Jiang Kai, Cao Tru
The University of Texas Health Science Center at Houston School of Public Health, Houston, Texas, United States.
AMIA Jt Summits Transl Sci Proc. 2024 May 31;2024:555-564. eCollection 2024.
Automatic HIV phenotyping is needed for HIV research based on electronic health records (EHRs). MIMIC-IV, an extension of MIMIC-III, contains more than 520,000 hospital admissions and has become a valuable EHR database for secondary medical research. However, there was no prior phenotyping algorithm to extract HIV cases from MIMIC-IV, which requires a comprehensive knowledge of the database. Moreover, previous HIV phenotyping algorithms did not consider the new HIV-1/HIV-2 antibody differentiation immunoassay tests that MIMIC-IV contains. Our work provided insight into the structure and data elements in MIMIC-IV and proposed a new HIV phenotyping algorithm to fill in these gaps. The results included MIMIC-IV's data tables and elements used, 1,781 and 1,843 HIV cases from MIMIC-IV's versions 0.4 and 2.1, respectively, and summary statistics of these two HIV case cohorts. They could be used for the development of statistical and machine learning models in future studies about the disease.

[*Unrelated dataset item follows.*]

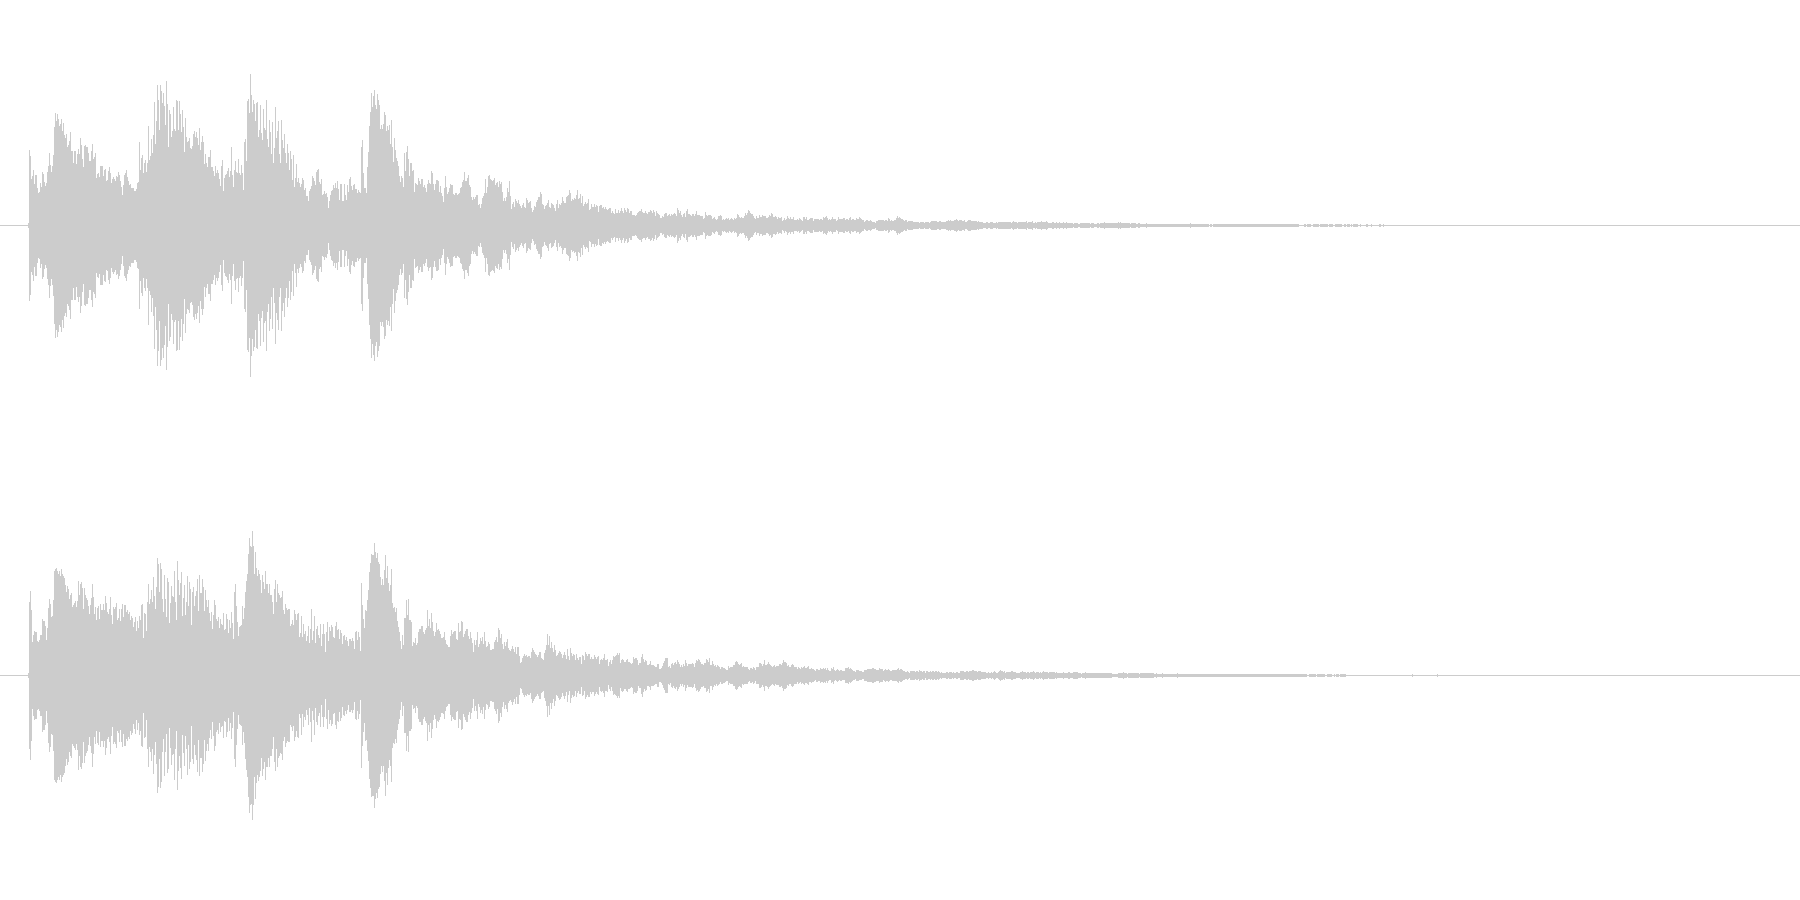 サウンドロゴ(企業ロゴ)_005の未再生の波形

基于电子健康记录(EHR)的HIV研究需要自动进行HIV表型分析。MIMIC-IV是MIMIC-III的扩展版本,包含超过52万例住院病例,已成为二级医学研究中一个有价值的EHR数据库。然而,之前没有从MIMIC-IV中提取HIV病例的表型分析算法,这需要对该数据库有全面的了解。此外,以前的HIV表型分析算法没有考虑到MIMIC-IV中包含的新的HIV-1/HIV-2抗体鉴别免疫分析测试。我们的工作深入了解了MIMIC-IV的结构和数据元素,并提出了一种新的HIV表型分析算法来填补这些空白。结果包括MIMIC-IV使用的数据表和元素、分别来自MIMIC-IV 0.4版和2.1版的1781例和1843例HIV病例,以及这两个HIV病例队列的汇总统计数据。它们可用于未来关于该疾病的统计和机器学习模型的开发。